In your example, \$V_\text{CC}=10\:\text{V}\$ and the nominal \$V_\text{C}=5\:\text{V}\$, so with the signal value at its midpoint the gain is about \$A_V\approx 192.31\$. But with \$V_\text{C}=5\:\text{V}+100\:\text{mV}=5.1\:\text{V}\$ then \$A_V\approx 188.46\$ and with \$V_\text{C}=5\:\text{V}-100\:\text{mV}=4.9\:\text{V}\$ then \$A_V\approx 196.15\$. Roughly, this is about a gain change of \$\pm 4\$ riding on an average gain of about \$200\$ (rounding things up a bit.) That works out to about \$\pm 2\:\%\$.

But this is the "peak" figure, as the text mentions. The text suggests that you divide this value by 3, as a rule they provide, to get the "waveform distortion." This computes out to \$ 0.6\overline{6}\:\%\$ and they round it to \$\pm 0.7\:\%\$.

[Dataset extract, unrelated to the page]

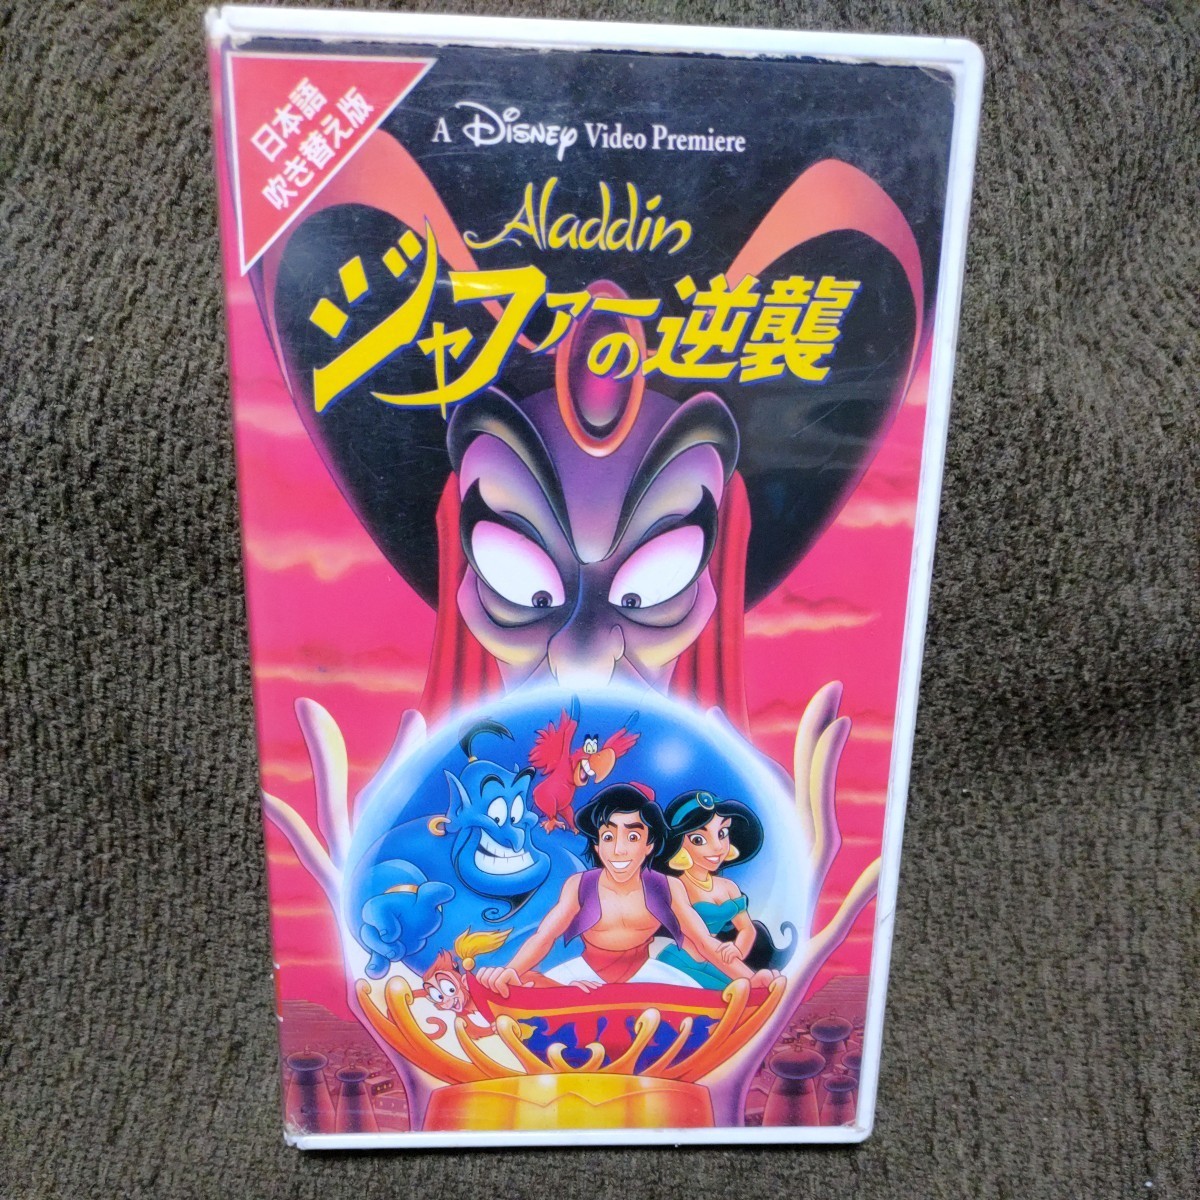  видеолента [ Aladdin ja мех. обратный .] японский язык дубликат * Disney *VHS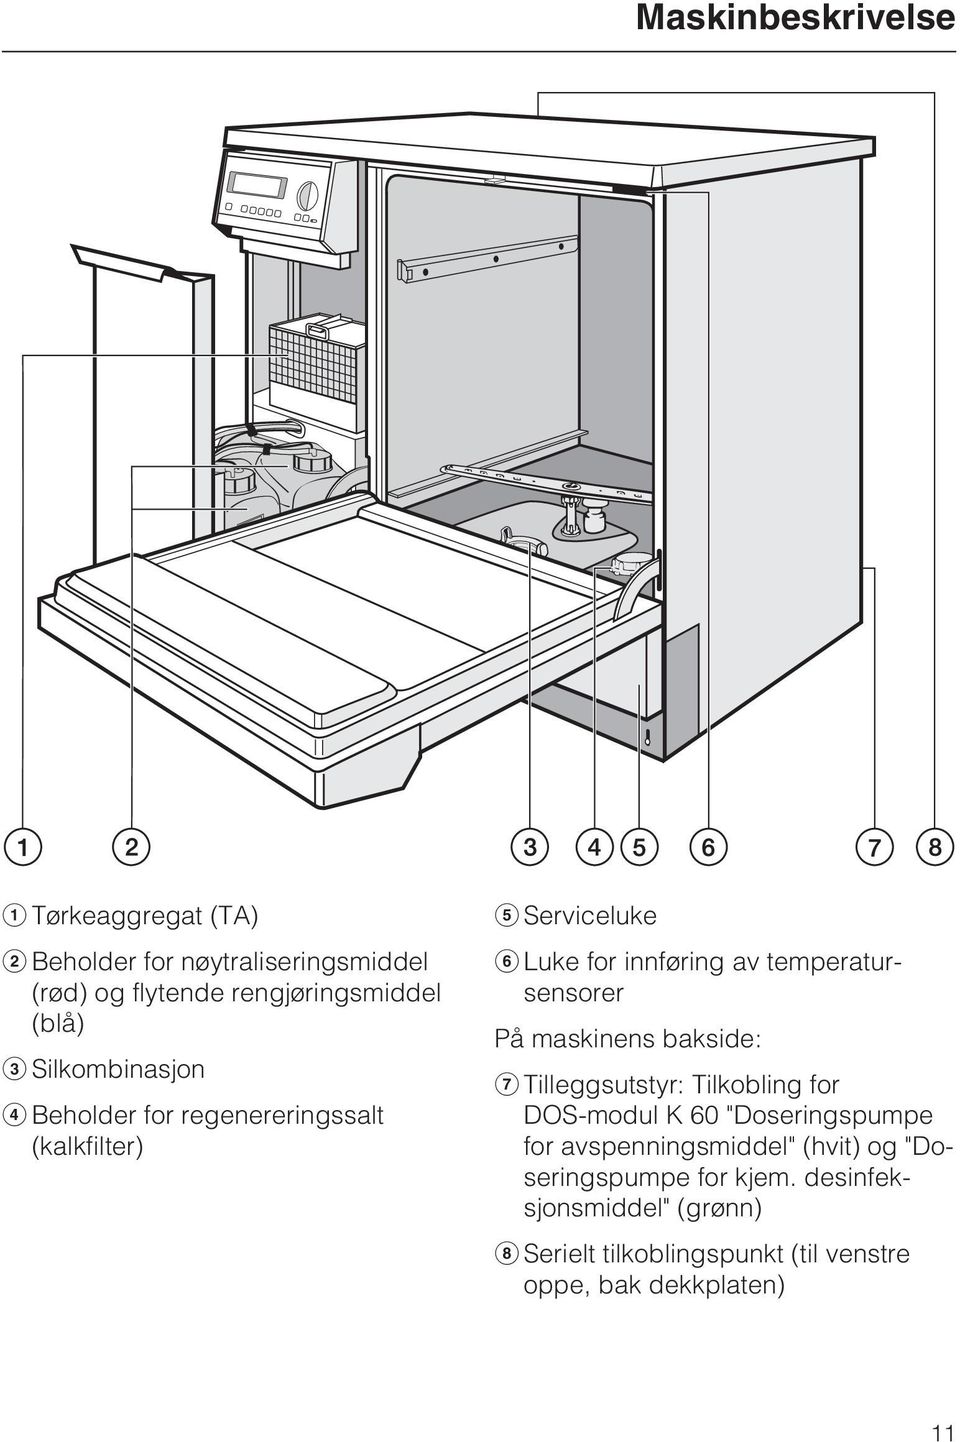 temperatursensorer På maskinens bakside: g Tilleggsutstyr: Tilkobling for DOS-modul K 6 "Doseringspumpe for

(I suspect they mean by this to imply total harmonic distortion. If so, the calculation for this is complex and beyond the scope of my answer in order to prove their rule of thumb answer. But there are also several different meanings for distortion, too. And a complete comparison of them here would be far, far beyond my desire. So you will simply have to accept their approach for these purposes. They have the tools on hand for the analysis and were able to empirically test their estimates. So let's leave it at that.)

It's simple enough for you to use the above formula, using \$V_\text{C}=5\:\text{V}-1\:\text{V}=4\:\text{V}\$ and also \$V_\text{C}=5\:\text{V}+1\:\text{V}=6\:\text{V}\$ to work out, after dividing by 3 again, their figure of \$\approx 6.6\:\%\$.

Again assuming that \$I_\text{C}\approx I_\text{E}\$ and using an emitter resistor to degrade the gain (intentionally, often quite substantially), equation \$\ref{eq1}\$ becomes:

$$A_V=\frac{1}{\frac{26\:\text{mV}}{V_\text{CC}-V_\text{C}}+\frac{R_\text{E}}{R_\text{C}}}\tag{2}\label{eq2}$$

(If you need a walk-through to see how that equation arrives, I can provide it. I'm leaving it this way so that you have to do some work to see if you can arrive at the same place on your own.)

So long as \$\frac{R_\text{E}}{R_\text{C}}\gg \frac{26\:\text{mV}}{V_\text{CC}-V_\text{C}}\$, for all \$V_\text{C}\$, then the gain is \$A_V\approx \frac{R_\text{C}}{R_\text{E}}\$.

But from the textbook's statement that the quiescent value of \$V_\text{E}=250\:\text{mV}\$ and assuming that \$I_\text{C}\approx I_\text{E}\$, we know the value of \$\frac{R_\text{E}}{R_\text{C}}=\frac{250\:\text{mV}}{5\:\text{V}}=0.05\$.

So using equation \$\ref{eq2}\$ to estimate the distortion, using the same peak values of \$V_\text{C}\$ as before, we get \$A_V\approx 18.12\$ @ \$V_\text{C}=5\:\text{V}\$, \$A_V\approx 18.08\$ @ \$V_\text{C}=5.1\:\text{V}\$, and \$A_V\approx 18.15\$ @ \$V_\text{C}=4.9\:\text{V}\$. Roughly, this is about a gain change of \$\pm 0.034\$ riding on an average gain of about \$18.1\$. That works out to about \$\pm 0.2\:\%\$. Dividing this value by 3, you get a figure of about \$0.07\:\%\$. Which is very close to the textbook's statement about the results of the analyzer's figure.

If you redo the calculations now using \$\pm 1\:\text{V}\$ variation rather than \$\pm 100\:\text{mV}\$ variation, you'll again find that the results are quite similar to their analyzer results.